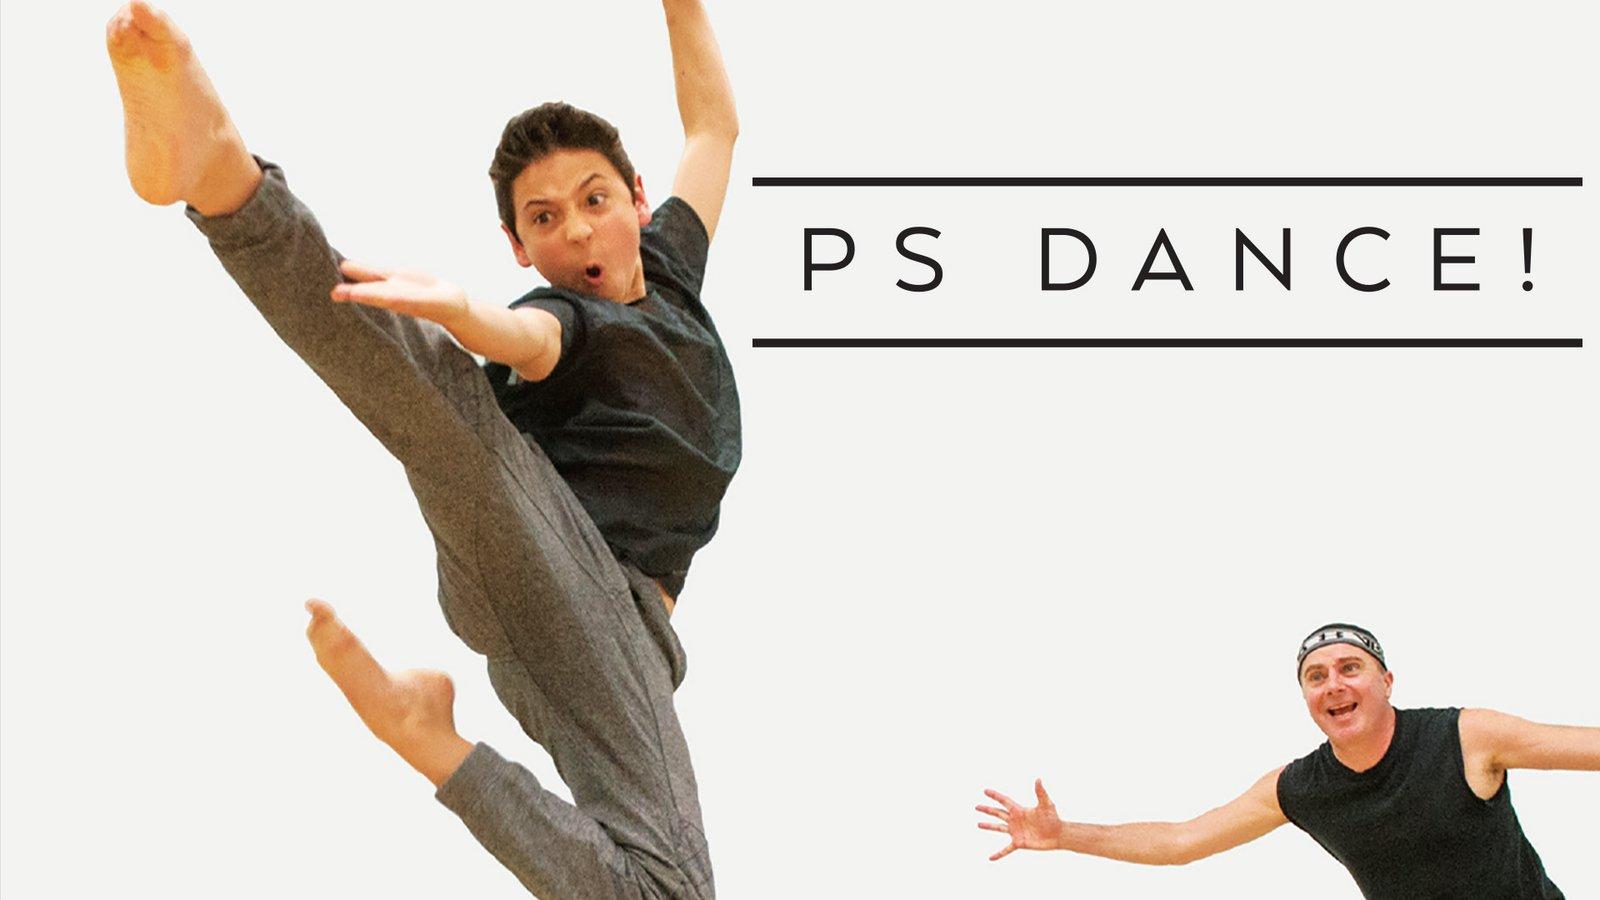 PS Dance! Dance Education in Public Schools
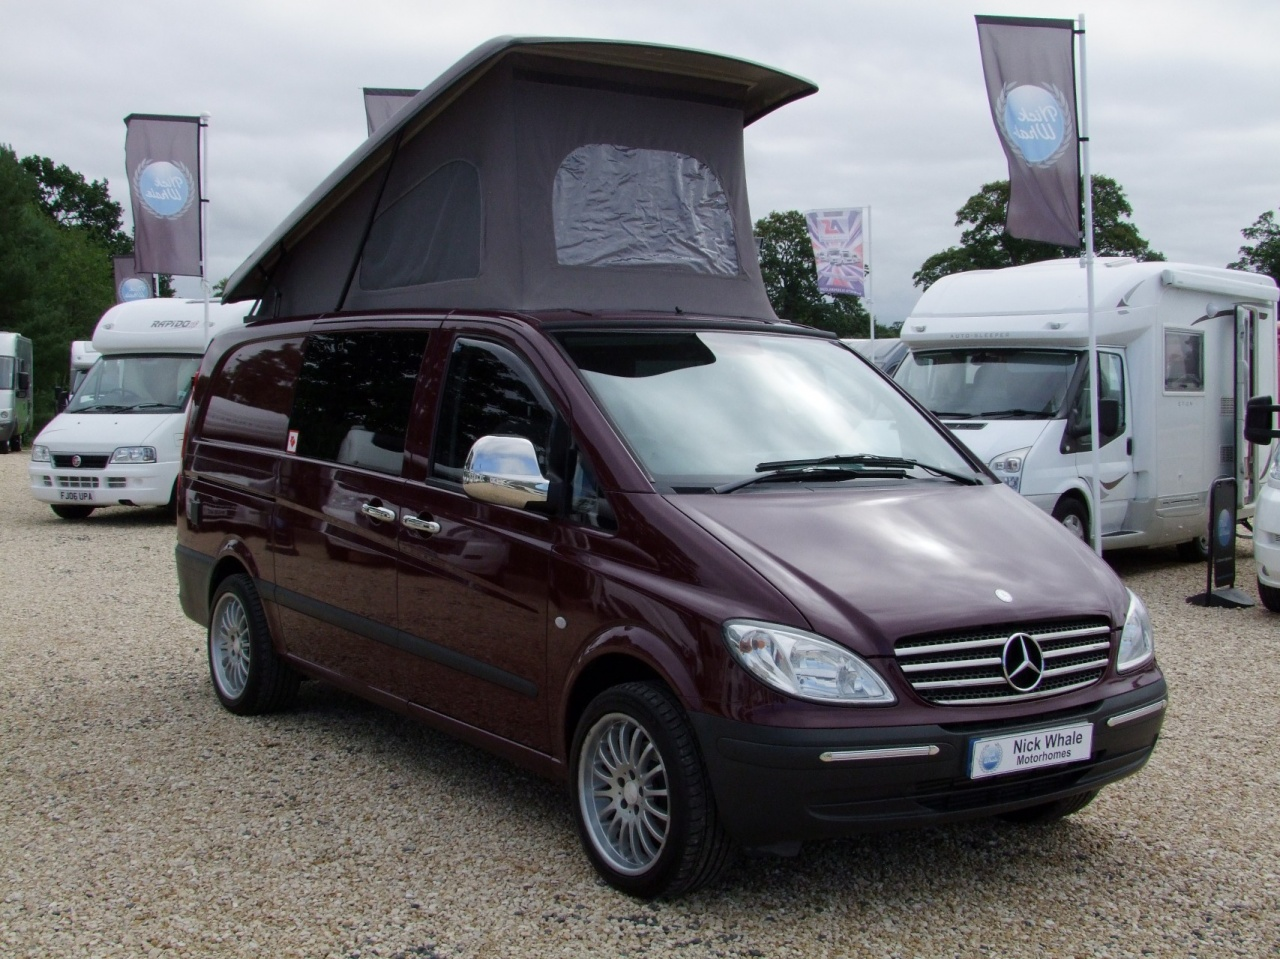 Mercedes Van Camper >> Camper Conversion Based Upon Mercedes Vito 111 CDi | Nick Whale Sports Cars
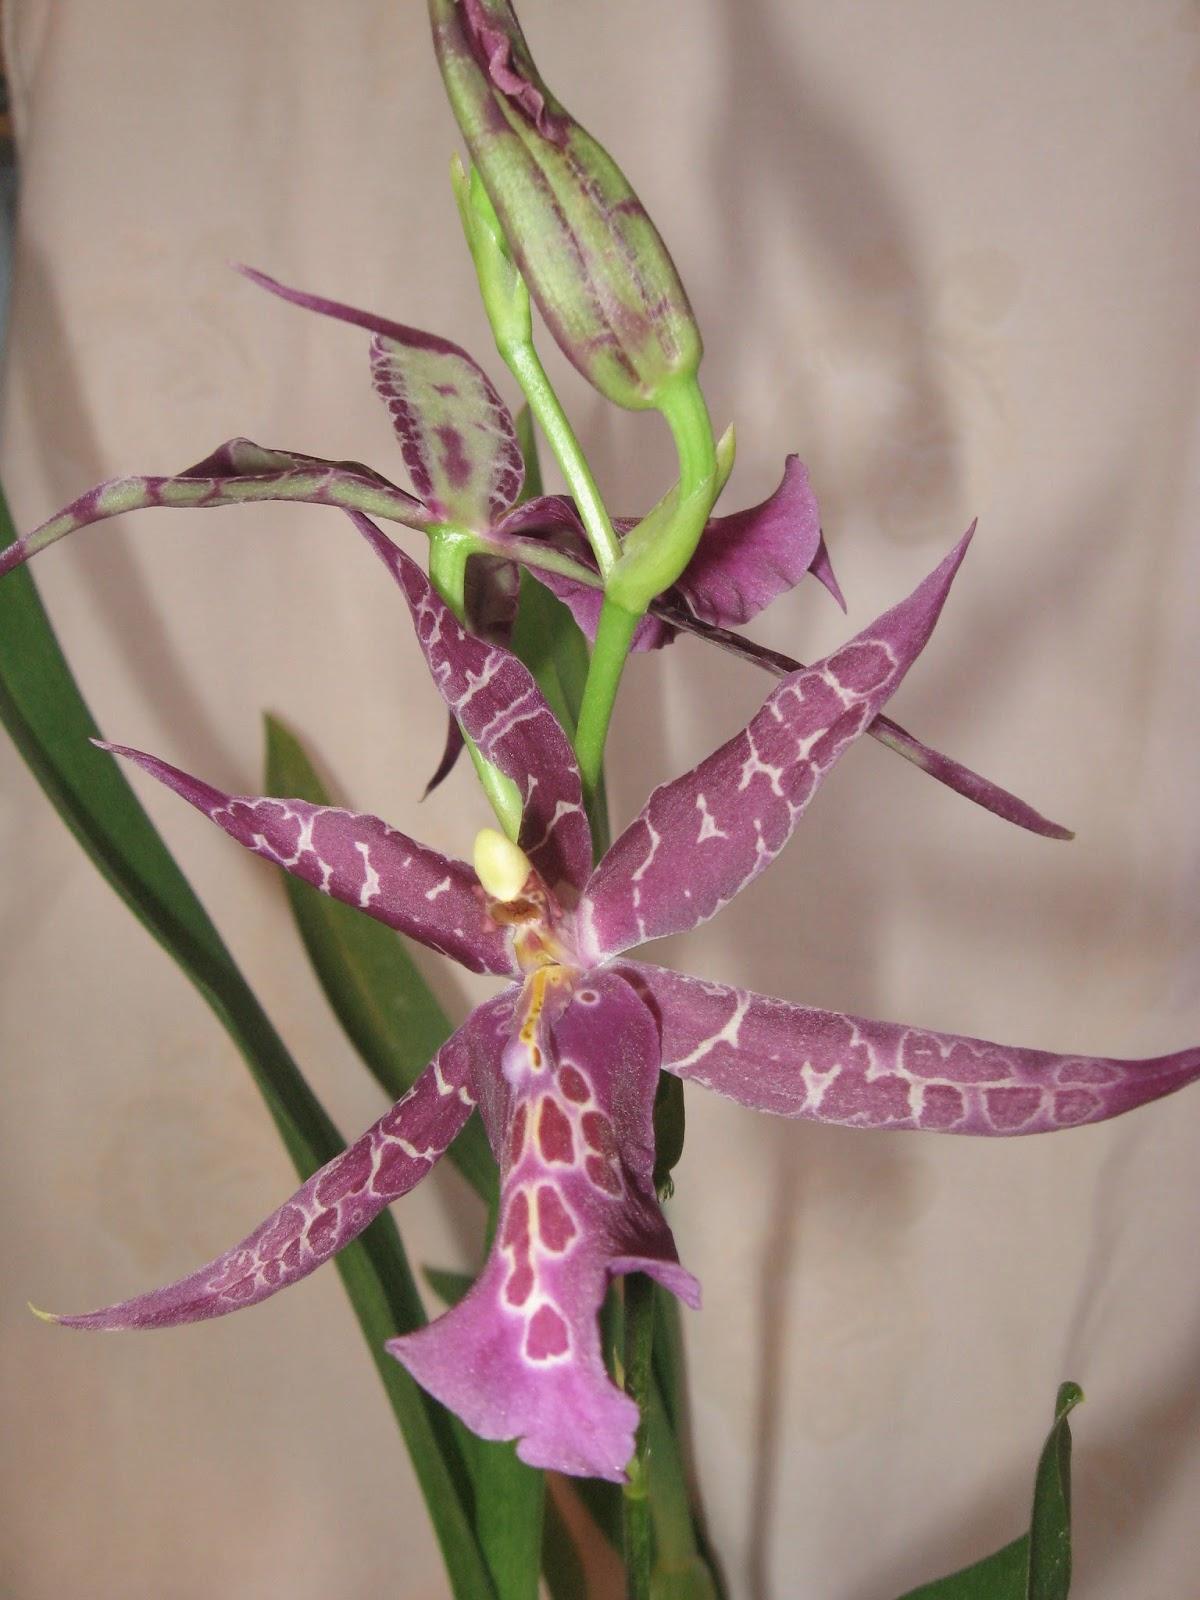 Miltassia Sadie Loo x Miltonidium Christmas Eve. Цветы орхидеи

ABOUT THIS EXERCISE: Set down the full listing above with its wording unchanged. Leave out its images.

ANSWER TO THIS PROBLEM:
 PS Dance! Dance Education in Public Schools
 Mercedes Van Camper >> Camper Conversion Based Upon Mercedes Vito 111 CDi | Nick Whale Sports Cars
 Miltassia Sadie Loo x Miltonidium Christmas Eve. Цветы орхидеи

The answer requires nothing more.